08 HAR Misclassifications


Preliminary research for this project identified concrete instances of misclassification using the British public information films The Spirit of Dark and Lonely Water and A Boy Goes Cycling. In three examples presented here, the HAR system incorrectly labelled certain film frames, highlighting limitations in the model’s classification accuracy. In order to investigate further, the relevant video datasets used to train the HAR system were downloaded from YouTube, some of which are presented as a selection of stills to better understand the algorithm’s “decision-making” process.

Contents                                                                                                    Back Next

                                                                                                                                                                                                                                                                                                                                                                             Back Next

Figure 9. HAR Misclassification – driving tractor, 2020. A composite of video stills from the Kinetics 400 dataset “driving tractor” category and the British public information film The Spirit of Dark and Lonely Water, 1973. 
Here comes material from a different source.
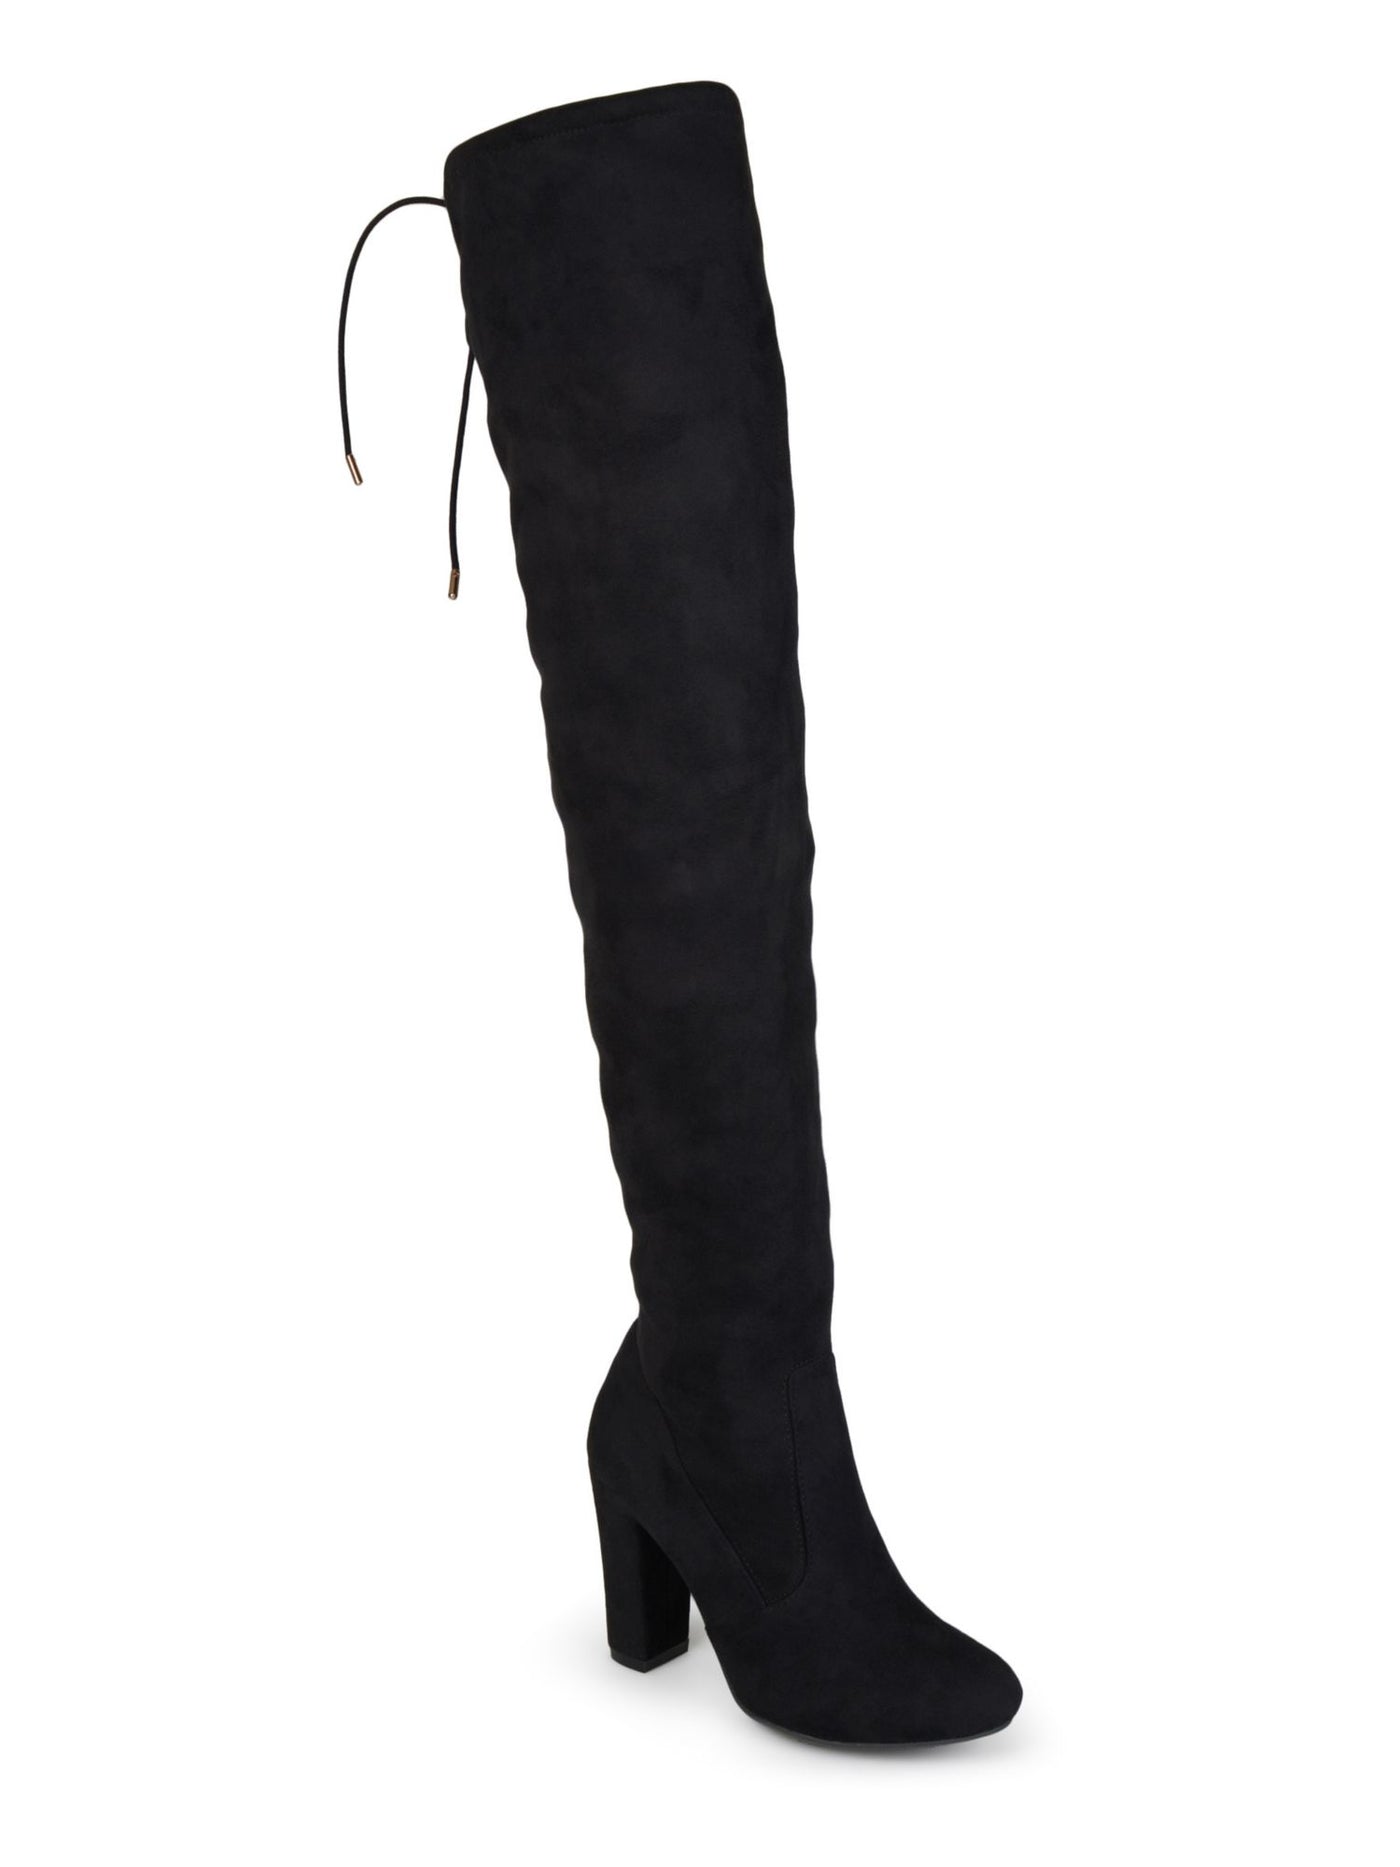 JOURNEE COLLECTION Womens Black Drawstring Top Tie Wide Calf Maya Round Toe Block Heel Zip-Up Heeled Boots 6 M WC

At the centre of fig. 9 is a frame from the British public information film The Spirit of Dark and Lonely Water, labelled “driving tractor” by the ResNet HAR system. The frame shows a group of children moving through debris in an anonymous wasteland – a scene without an actual tractor. This misclassification reveals a broader limitation of HAR and ML models: how can models trained on limited, specific examples generalise their “knowledge” to new, unfamiliar contexts? The ResNet HAR model, trained on the Kinetics 400 dataset, includes 922 videos of tractor driving, some of which depict children (top right) operating tractors. While it is unclear if this particular detail influenced the classification, it raises questions about the interpretive reliability of HAR models. For an audience, The Spirit of Dark and Lonely Water film-frames blend seamlessly as part of a coherent narrative. However, when analysed frame-by-frame by the HAR model without a guiding conceptual scheme, an alternate interpretation emerges. At this granular level, an outline resembling a tractor becomes apparent, with the children positioned roughly where a tractor driver would sit. The model’s classification appears shaped by its training dataset, where it may be responding to the tractor-like outline and the presence of a human figure as cues for labelling.

Figure 10. HAR Misclassification – swimming backstroke, 2020. A composite of video stills from the Kinetics 400 dataset “swimming backstroke” category and the British public information film The Spirit of Dark and Lonely Water, 1973.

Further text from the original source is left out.